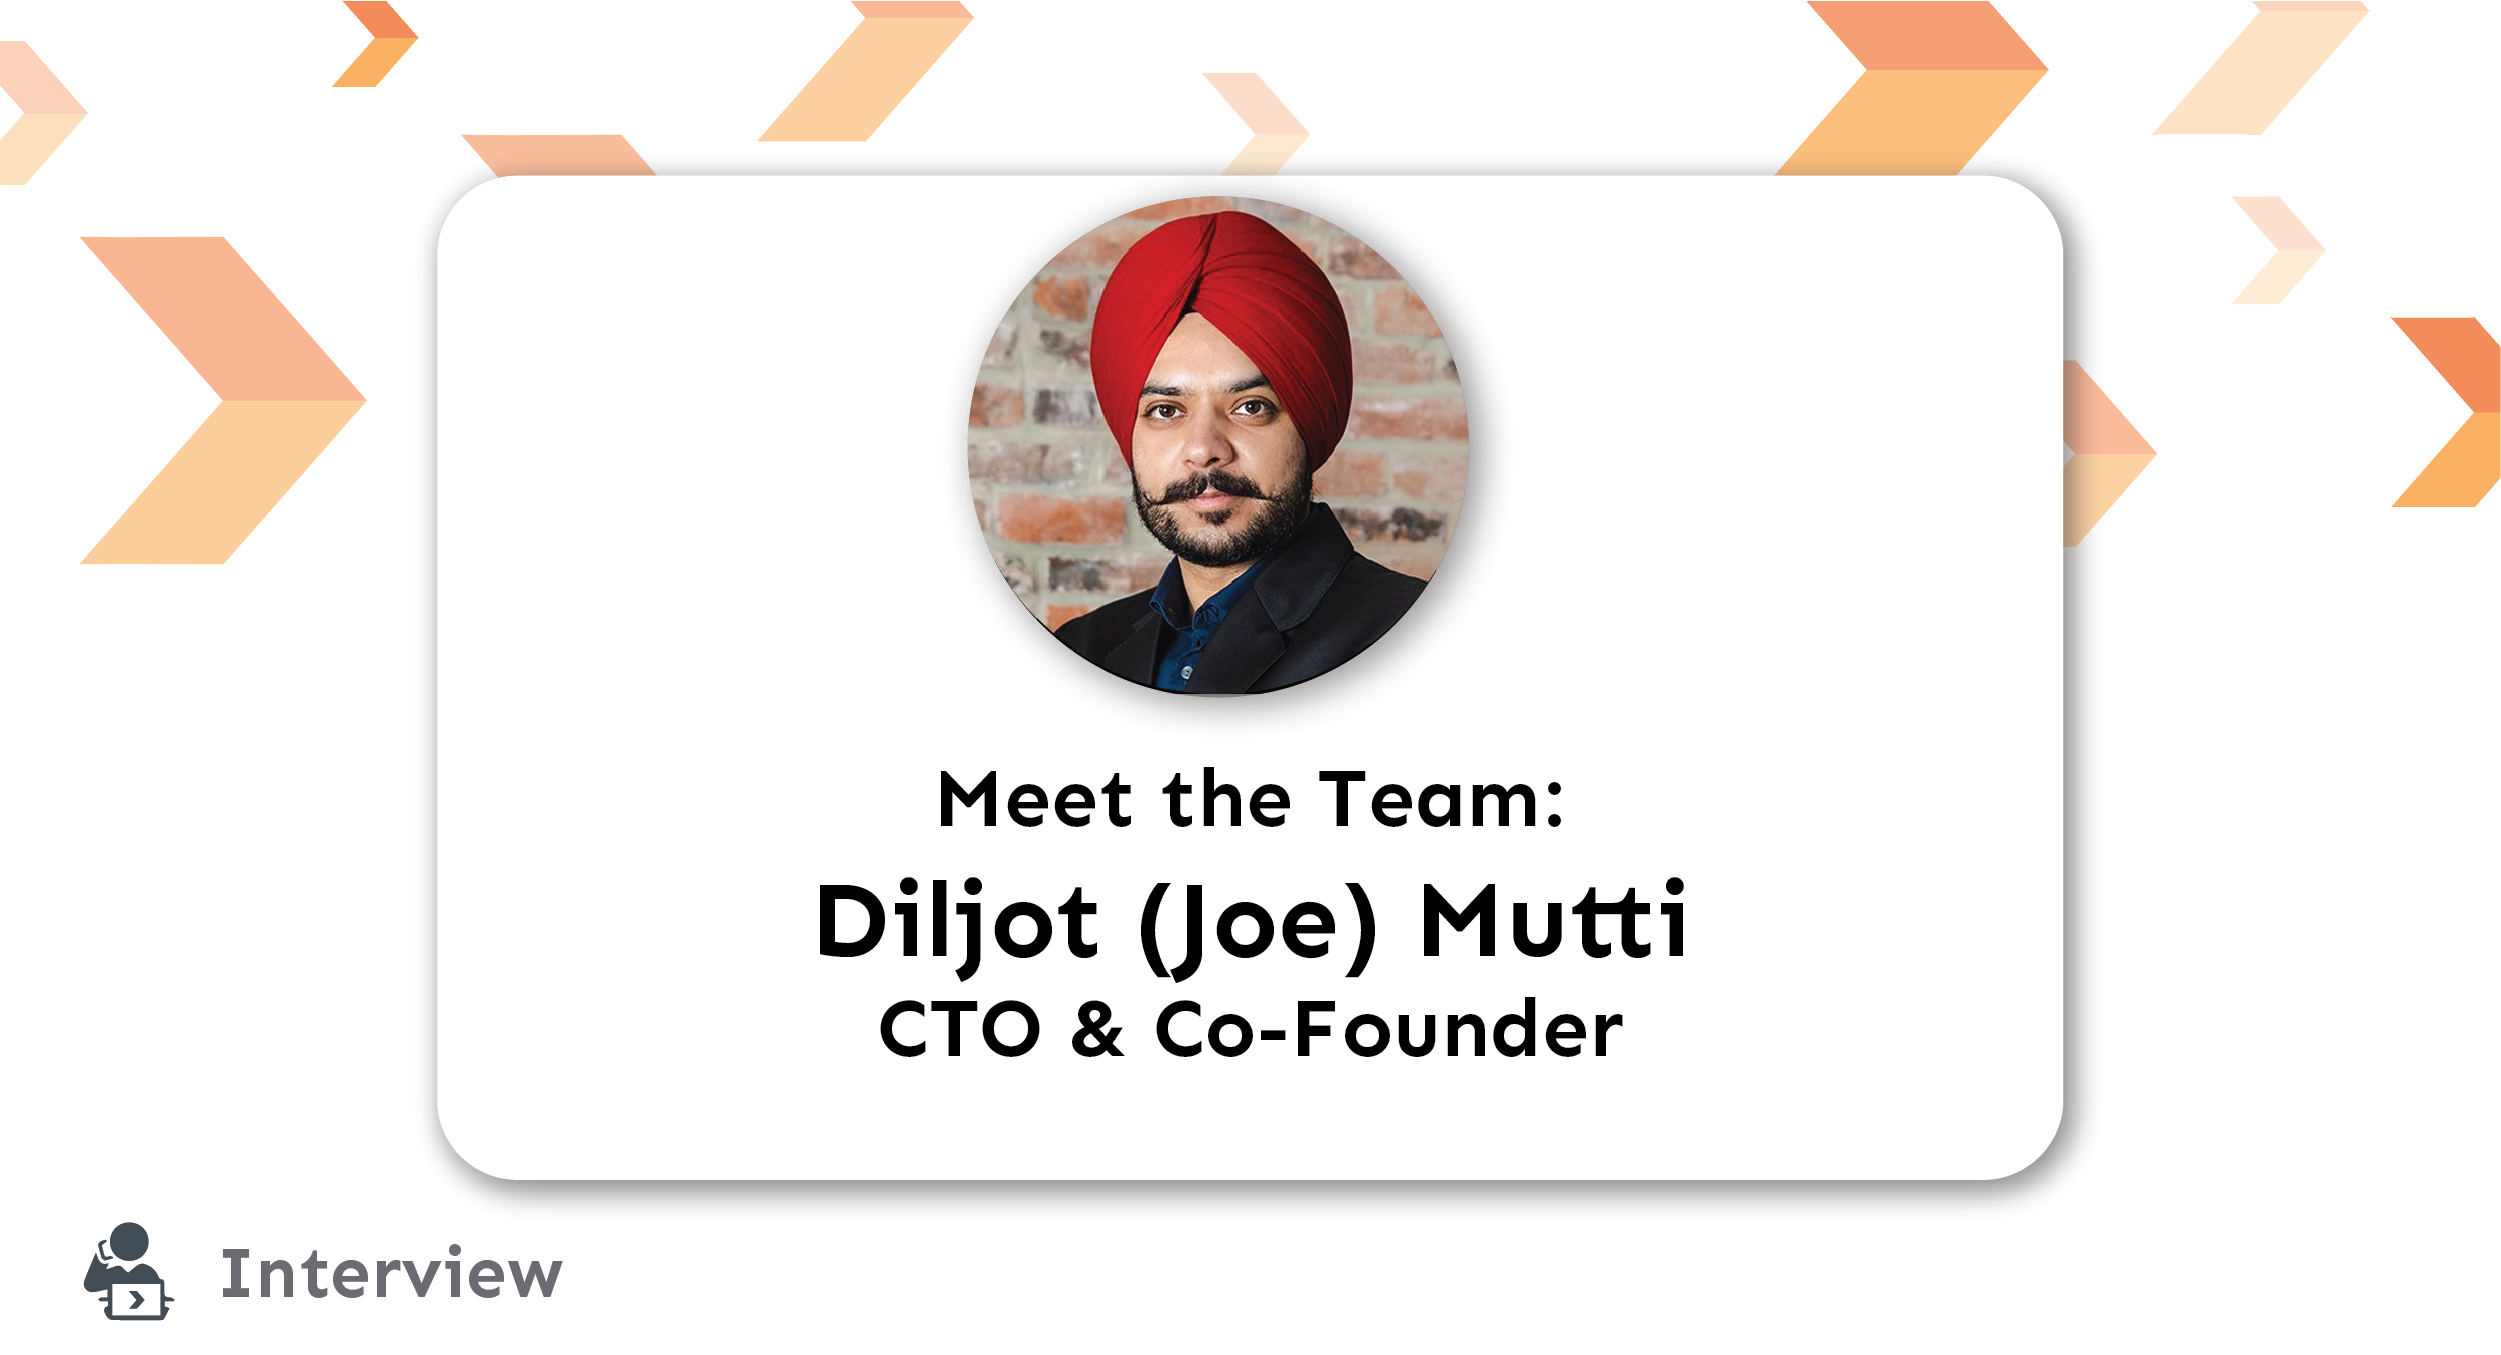 Blog- Meet the Team- CTO & Co-Founder
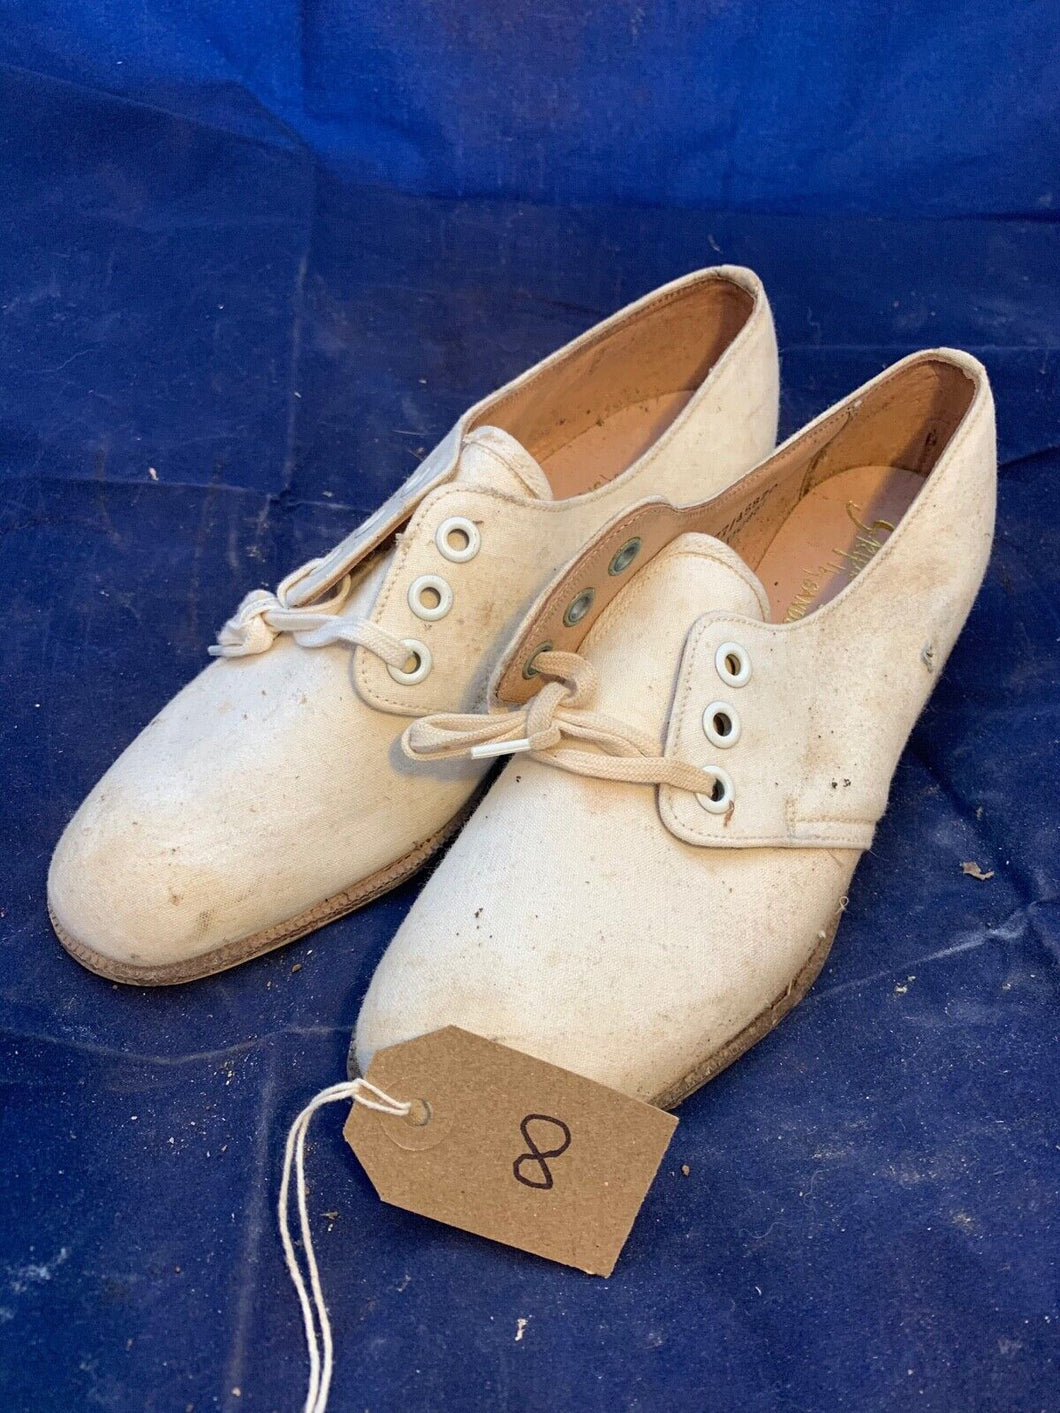 Original WW2 British Army Women's White Summer Shoes - ATS WAAF - Size 225s #8
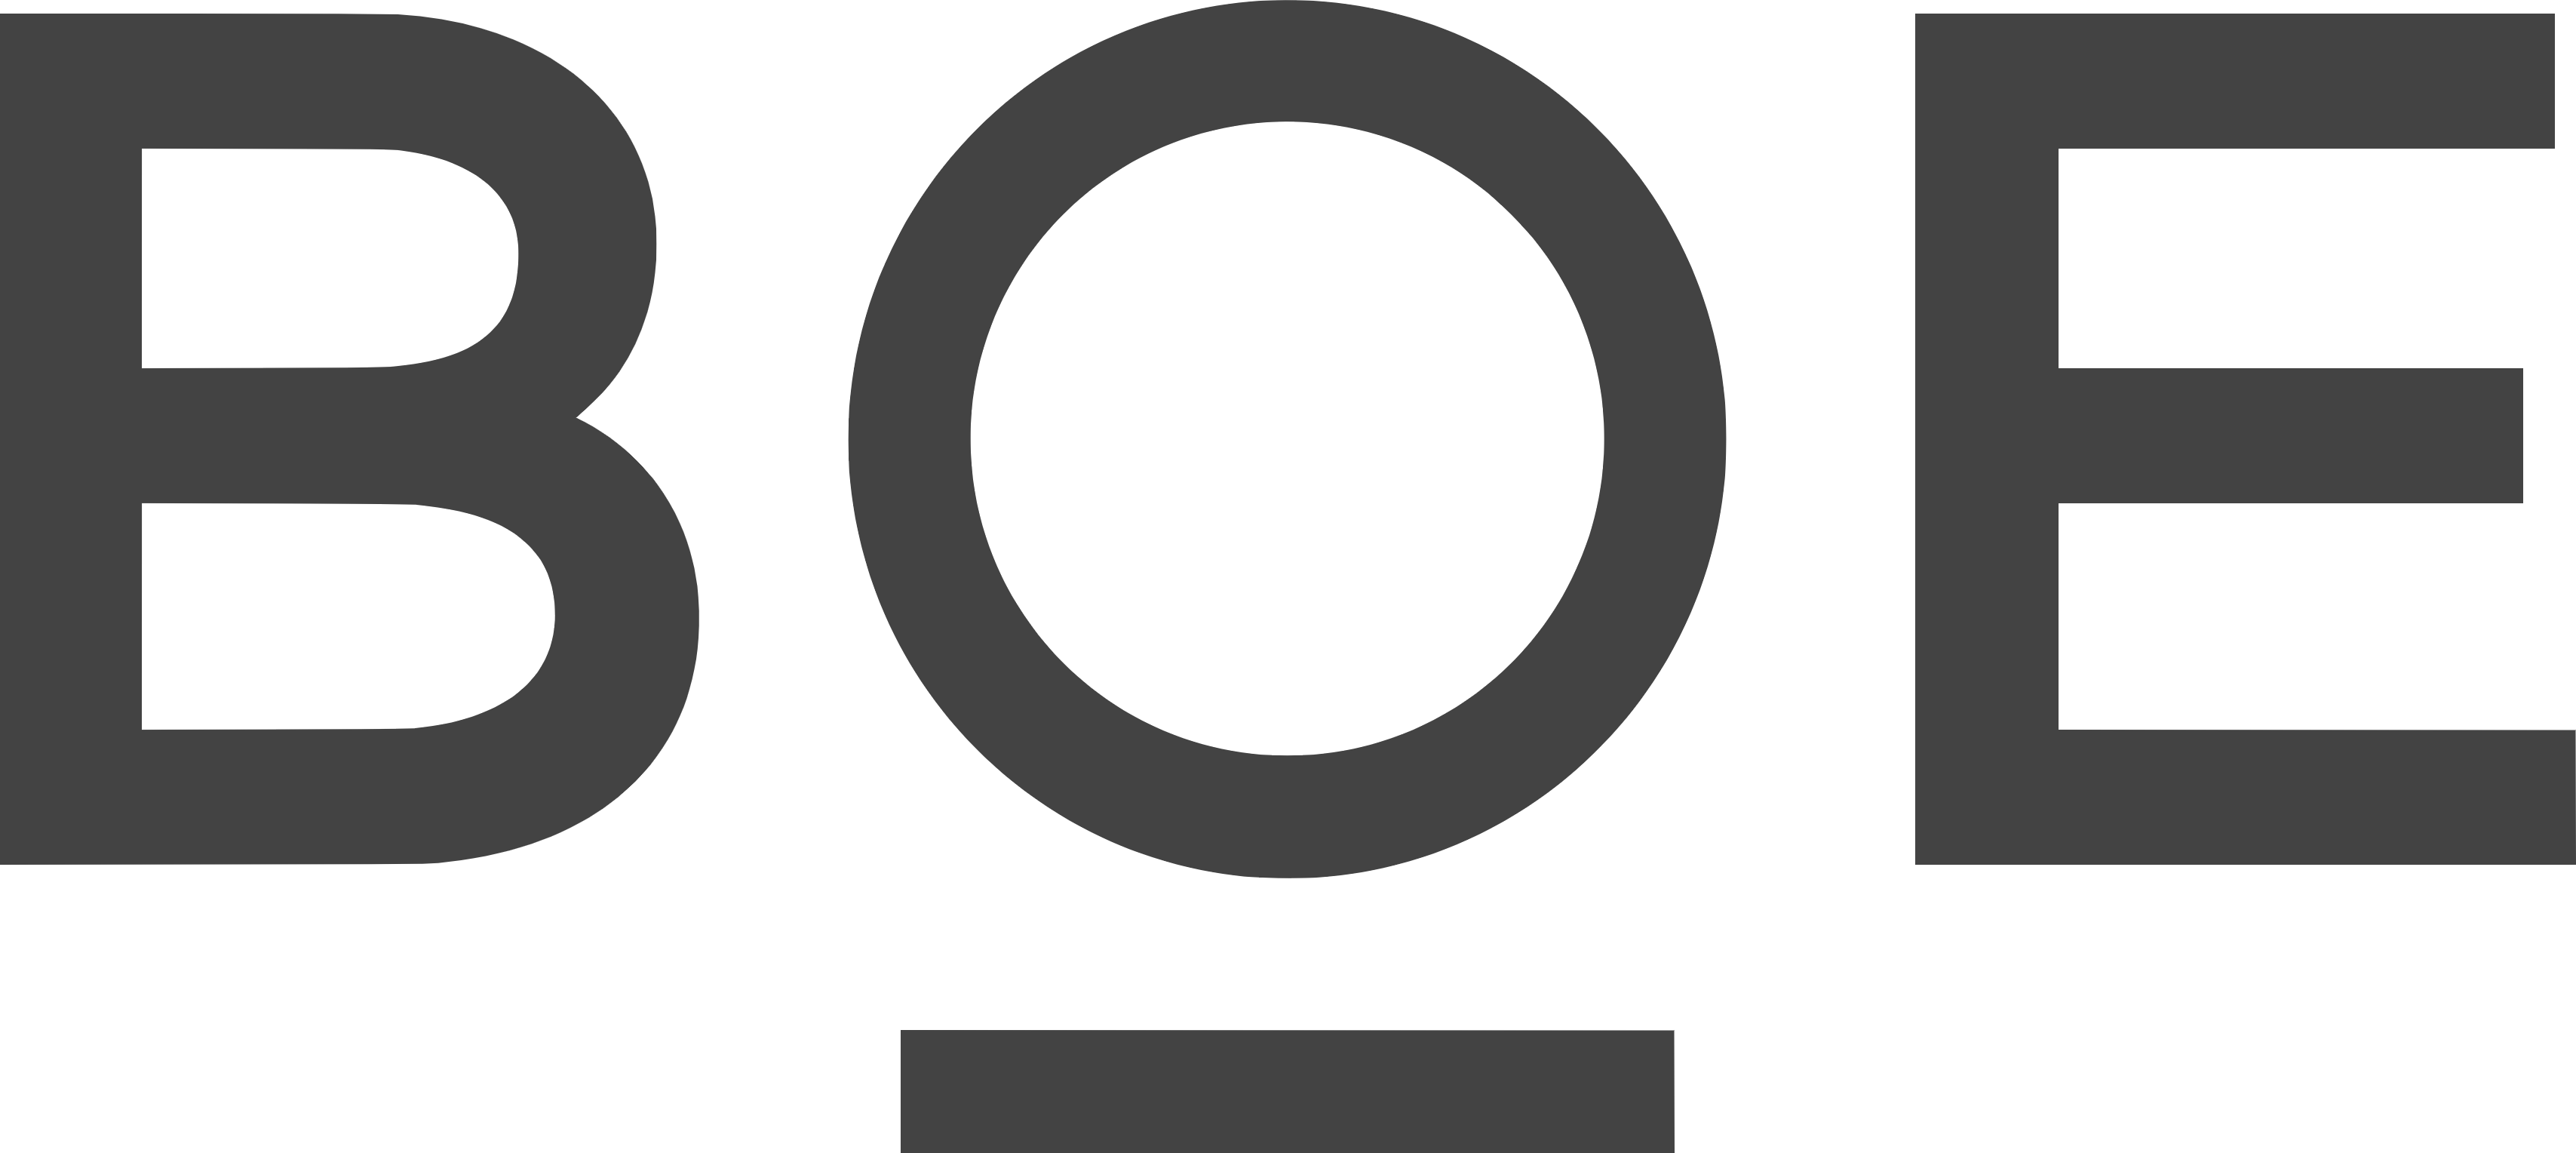 BOE Technology logo (transparent PNG)
══════════════════════════════
* _Work order_
Transcribe the whole listing, character for character, but not its images.

* _Result of this exercise_
 Blog- Meet the Team- CTO & Co-Founder
 Original WW2 British Army Women's White Summer Shoes - ATS WAAF - Size 225s #8
 BOE Technology logo (transparent PNG)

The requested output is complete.